PROBLEM TO WORK ON: Write the listing out again word for word, skipping each picture.

DATA SEGMENT:
***

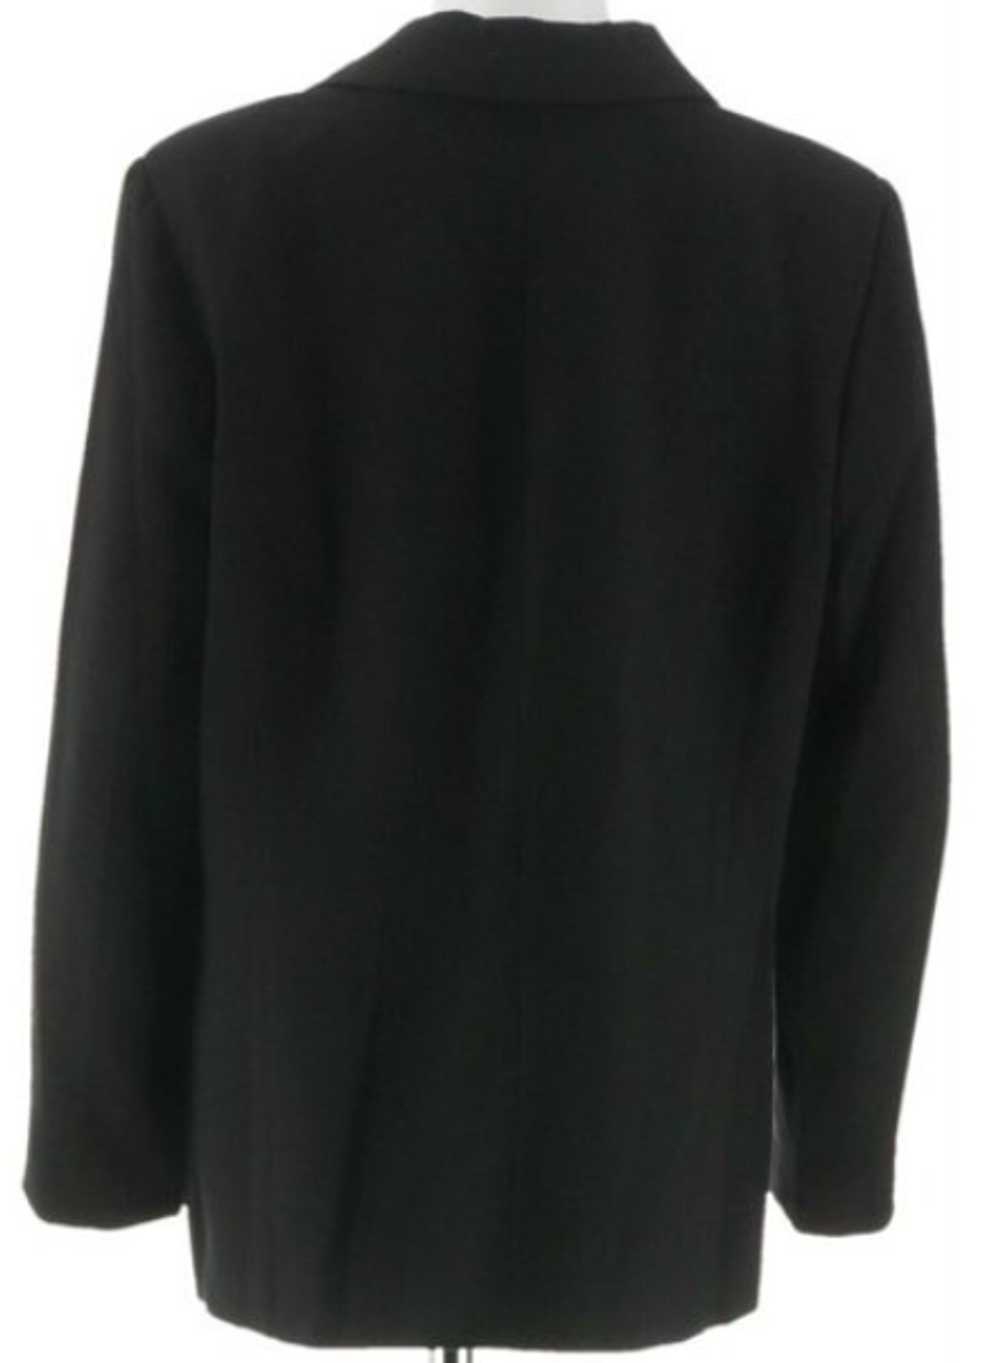 Linea by Louis Dell'Olio Tuxedo Jacket Black - image 4
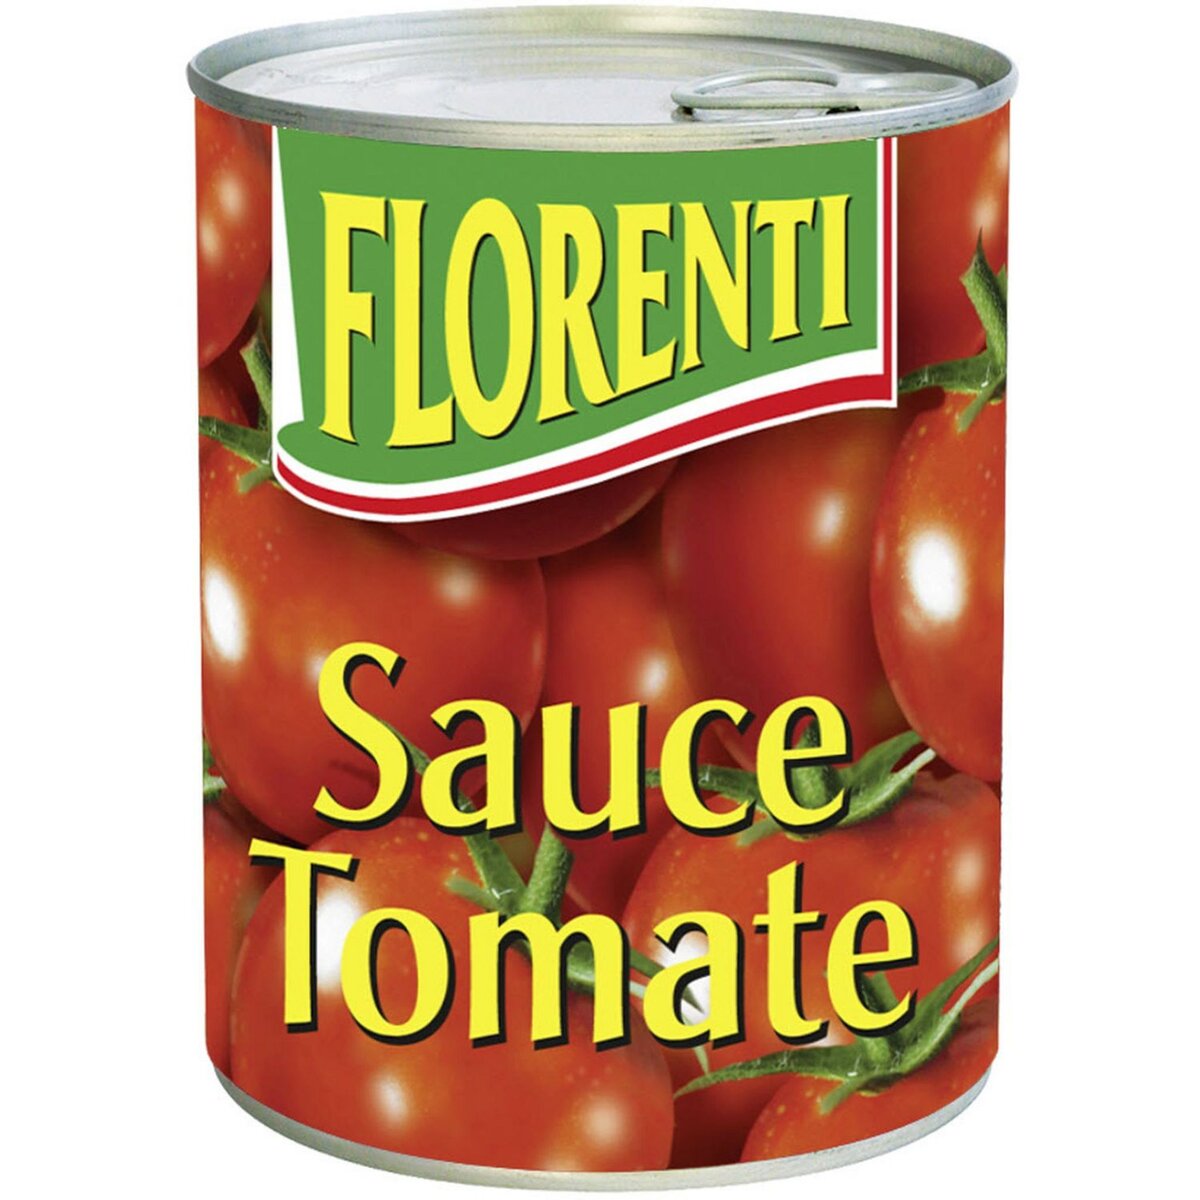 FLORENTI Sauce tomate 190g
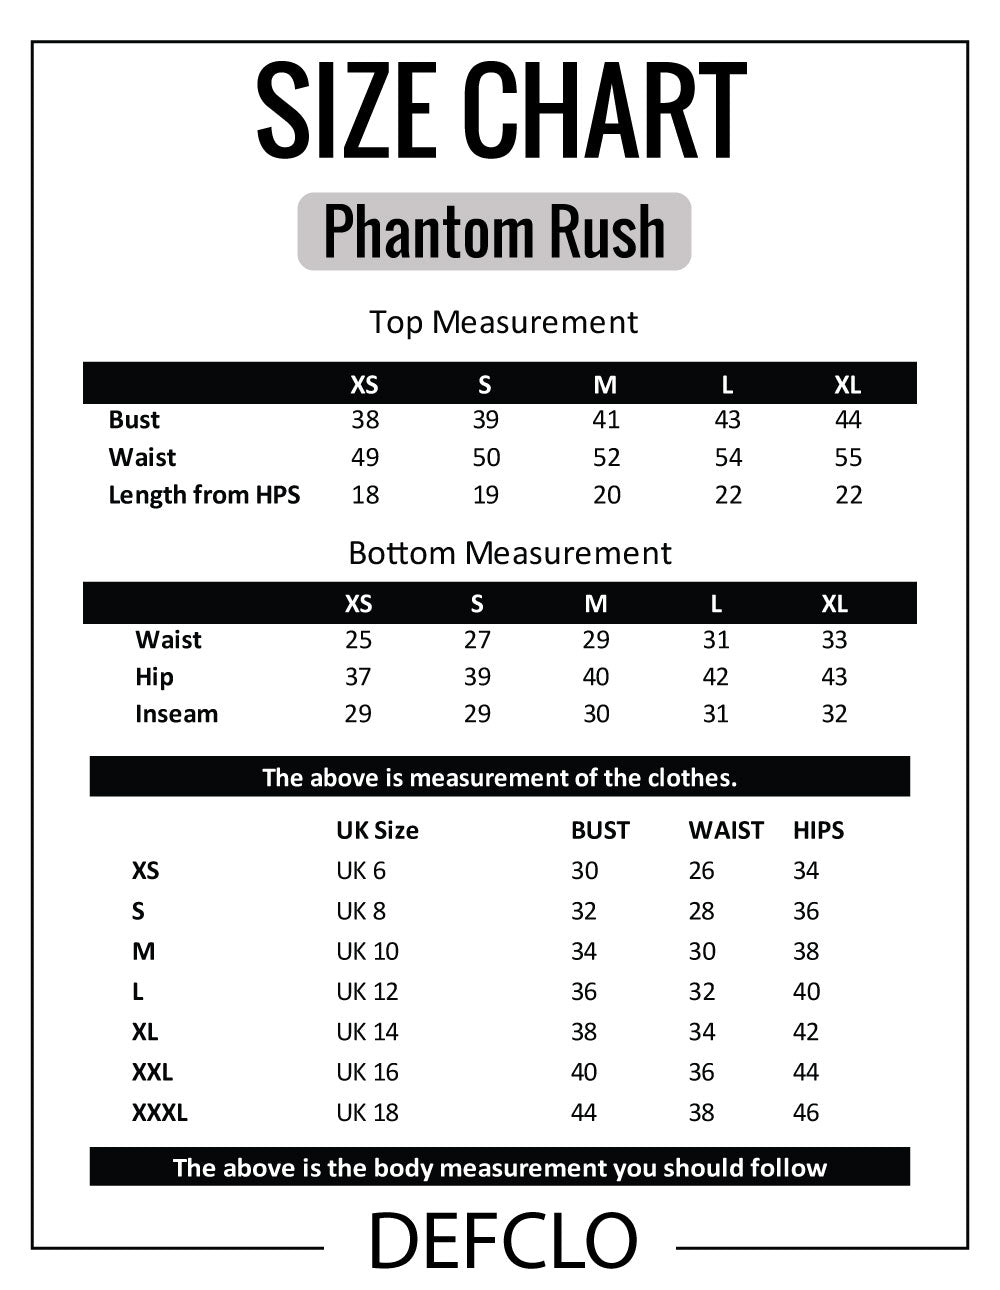 Phantom Rush - Top

***

TASK RESULT:
 Linea by Louis Dell'Olio Tuxedo Jacket Black - image 4
 FLORENTI Sauce tomate 190g
 Phantom Rush - Top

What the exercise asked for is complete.